The Beeler # 17H,  Beeler Unit F #19H and the Beeler Unit C #20H well costs have been approximately $2.6 million per well.   Going forward we are currently scheduled to drill an additional four gross Buda wells with Contango during the balance of the year. The drilling rig utilized in our program with Contango is currently drilling a well at another site in which we do not participate. We anticipate that the rig will return to drill our next participated well in the Booth –Tortuga acreage block in early September 2014. All four wells are proposed to be drilled with lateral lengths of 9,000 plus feet.

AMI Election

Under an Area of Mutual Interest Election, the Company acquired a 7.5% working interest in an additional 800 gross (~60 net) acres in the Booth-Tortuga prospect. This acreage is operated by a private Texas-based company which has proposed to drill two wells in this acreage. The acreage block lies between the Beeler Unit D #16H and the Beeler Unit A #9H well locations.

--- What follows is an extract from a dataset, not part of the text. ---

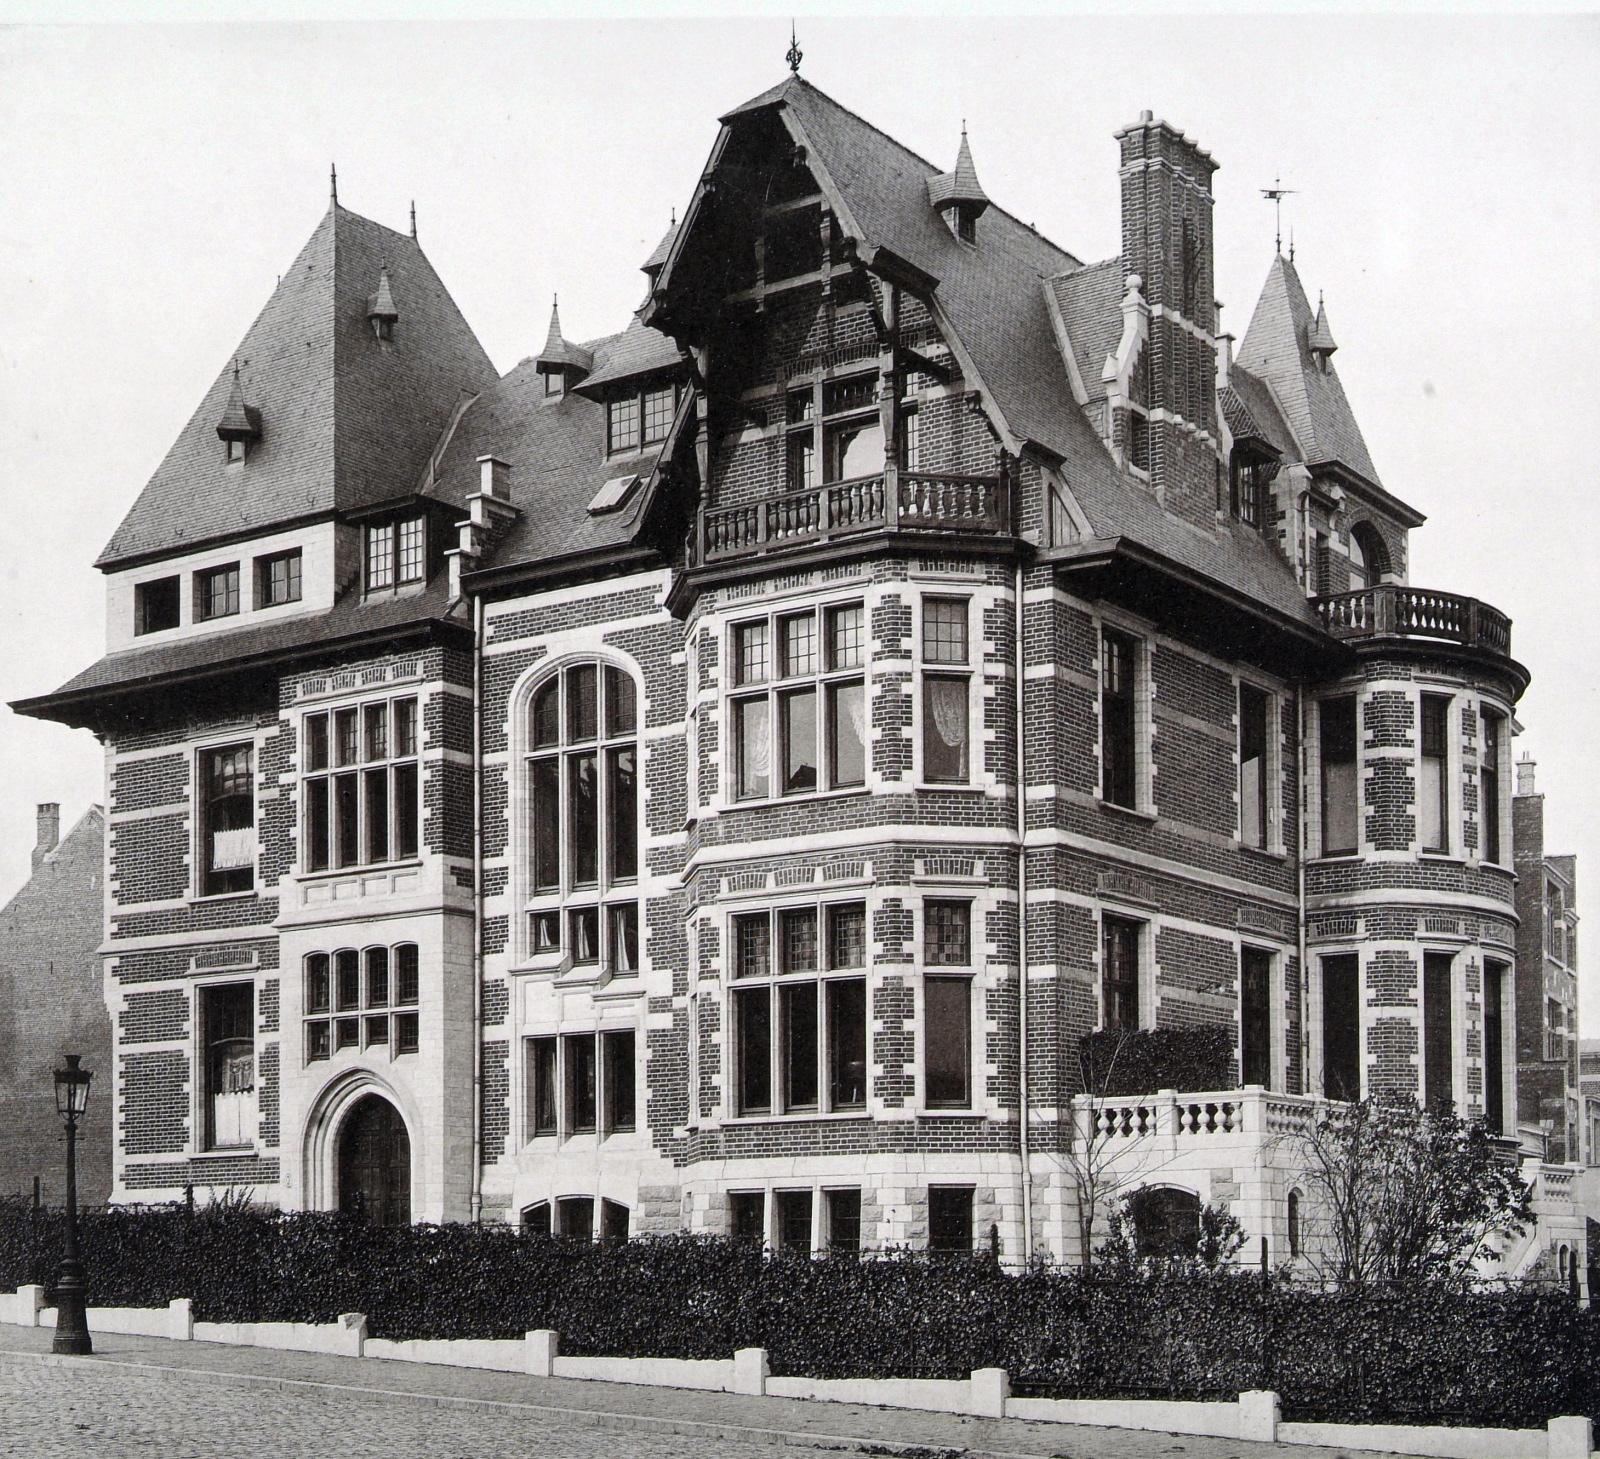 À l\'angle de la rue de la Vallée, villa de style néo-Renaissance flamande conçue en 1898 par l\'architecte Gustave GHYSELS, démolie (L\'Émulation, 1902, pl. 8).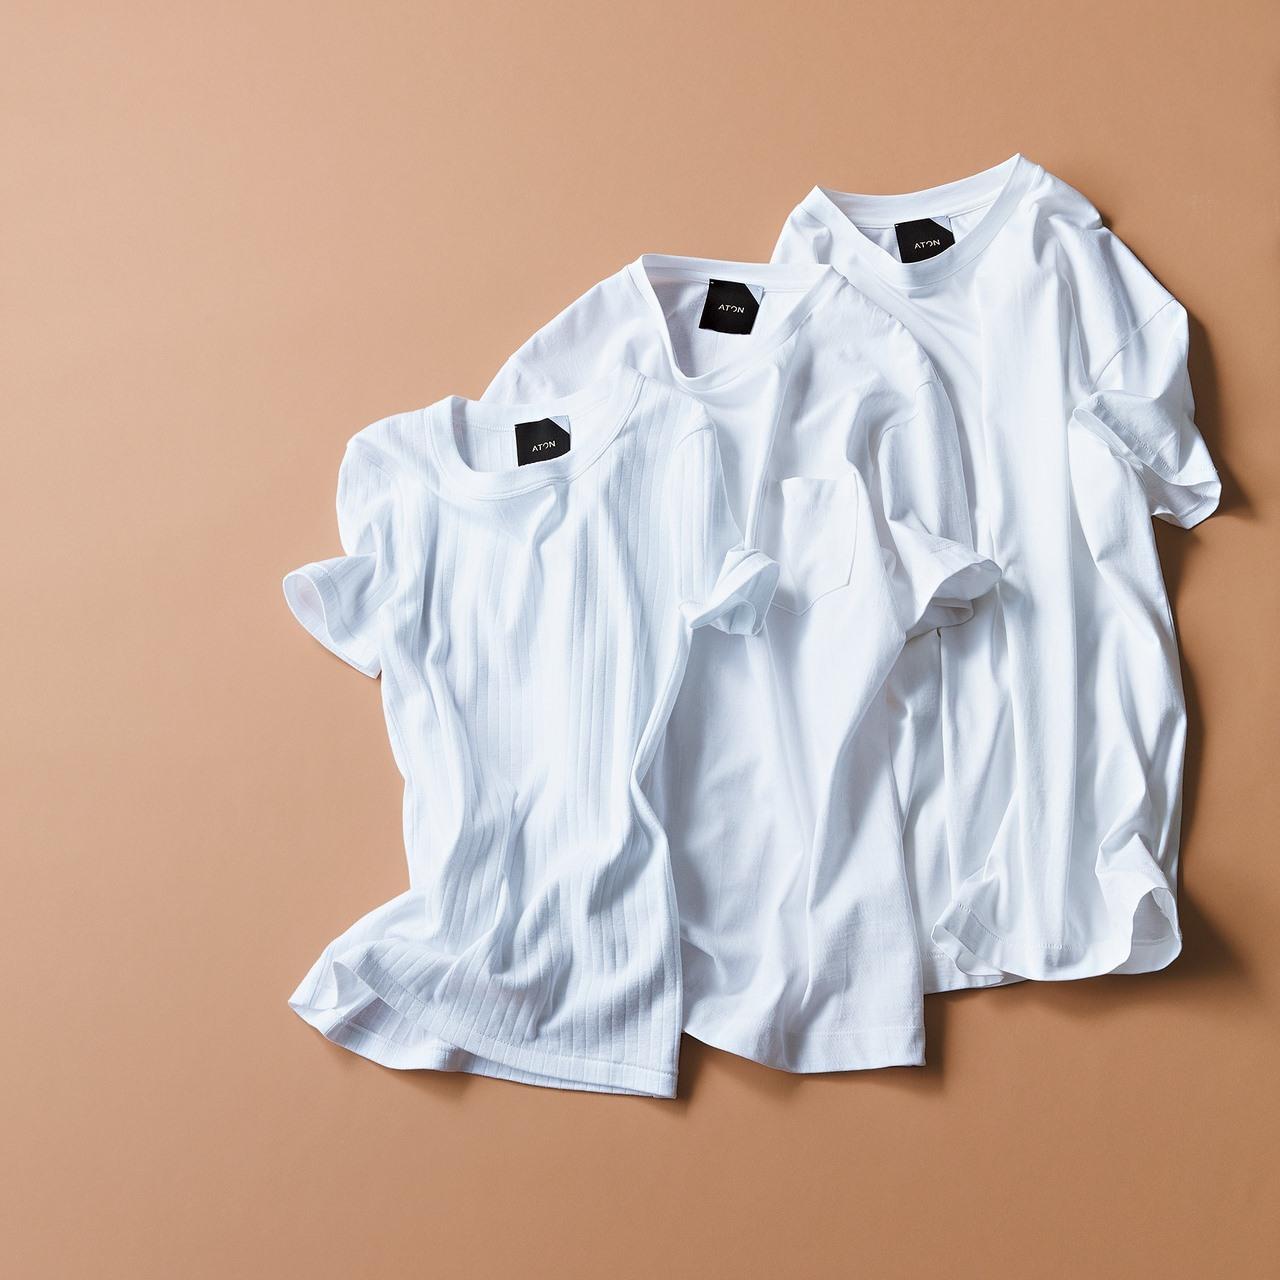 白いトップスを新調するなら、このシャツとTシャツ!_1_1-2

  • The Bruce Weaver #2H well was spud June 6, 2014. The well was drilled to a total depth of 13,290 feet, which included an approximate 6,765 foot lateral. The well was completed naturally without fracture stimulation and had an initial production rate of 894 BOE on a 22/64th choke. During the first 10 days of production the well averaged approximately 760 gross BOE/D.  During the early flow back, the operator has flared the associated gas from the well, which is not included in the 10-day initial production rate. The well is currently being tied in to a sales line to capture the gas sales, which have been approximately 1,000 MCF/D, or approximately 167 gross additional barrels of oil equivalent based on the first 10 days of production. 
  • The Bruce Weaver #1 RE (re-entry) well also targeting the Buda formation is scheduled to spud mid-August 2014.  

Q2 Dimmit County Acquisition (~33.3% working interest / ~22.5% net revenue interest)

  • In our recently acquired acreage block in Dimmit County, Texas, the initial test well was spud on May 5, 2014 and was drilled to a measured depth of approximately 11,297 feet including an approximate 5,000 foot lateral. The well was fracture stimulated during the first week of August 2014 with 17 stages. The operator is currently monitoring the flow back of the well.
  • The second well in the program was spud on June 23, 2014. The well was drilled to a measured depth of approximately 11,000 feet, including an approximate 4,600 foot lateral. The well is scheduled to be fracture stimulated during the third week of August 2014.
  • The third well in the program is scheduled to spud mid-September 2014.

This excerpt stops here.